Friday, April 15, 2022

Demons and Their Wretched Insistence

Lonesome deaths on the highway. Morning filled with the aroma of skunks. When I began this poem I was unsure, now I am not. The river in winter, snow crusting its banks, impossible to cross.

Something lost because we reached for the wrong thing? I pick up a couple frozen turkeys at the co-op, tuck them away for later roasting. Screens ruined us says the man who has never said no to a screen in his life. Yet I remember that sliver of Lake Champlain, how blue it was in the morning, how bright.

It’s not hard to be lost. We say goodbye near the chicken pen, both of us exhausted with the world. Fionnghuala painted tea cups once, now she paints landscapes of graveyards. Those demons and their wretched insistence on being included in creation.

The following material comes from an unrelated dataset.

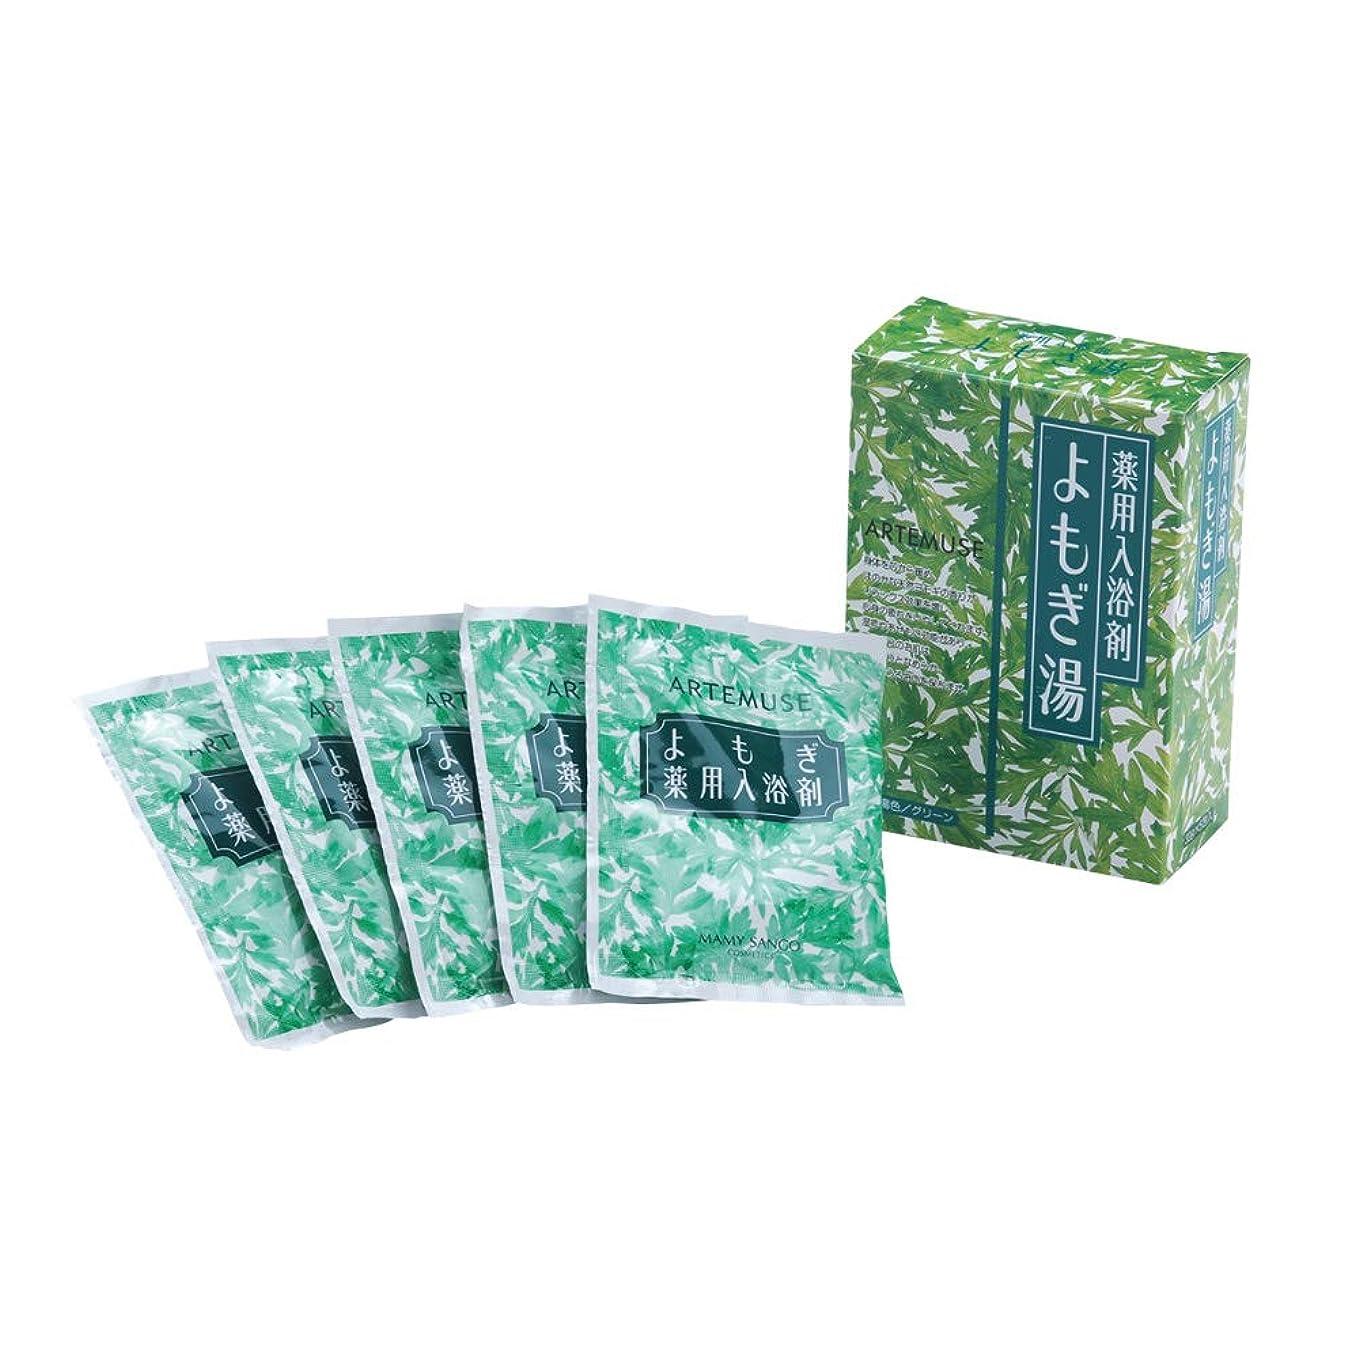 無視去る比較的マミーサンゴ よもぎ入浴剤 薬用バスソルトA [分包タイプ] 30g×5包入 (1箱)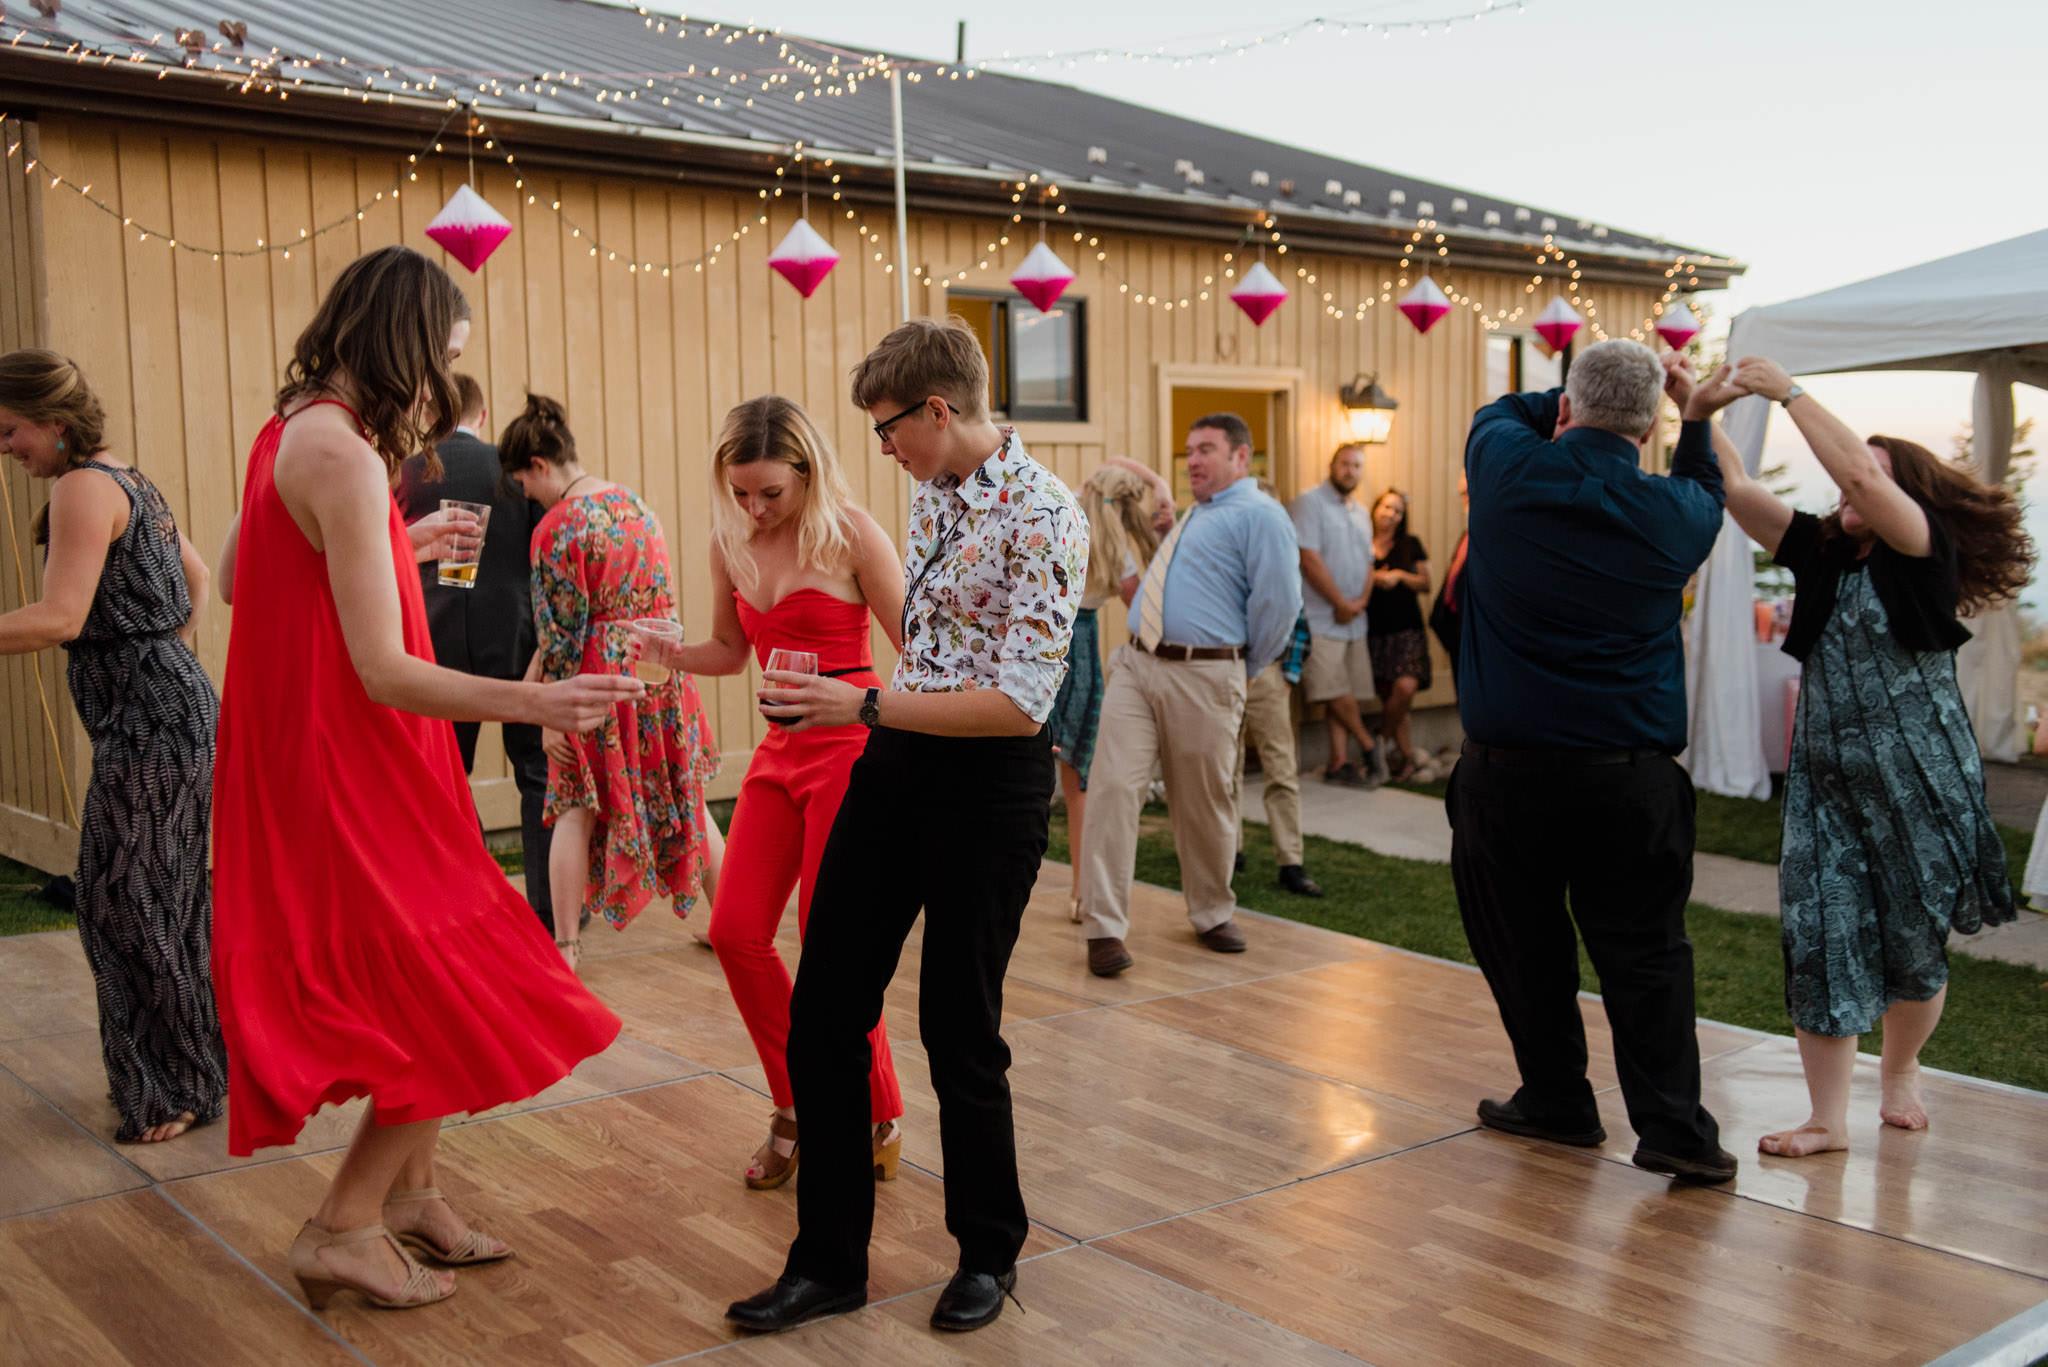 Zilla Photography - Bogus Basin Idaho Dancing Outdoor Summer DIY Wedding-19.jpg

Tired too of the effort to make everything theoretical, as if mere transaction is beneath us. You can believe or not believe, which puts the lie to your Jesus. Trying to be gentle and failing yet again. Not star-gazing exactly, more like trying to remember something about death with my head tilted.

Shifts in emphasis. Promiscuous metaphors! In my dream, Emily Dickinson weaves a flock of sparrows into a vast, light-filled sky. Quieter than I used to be but not wordless, not yet.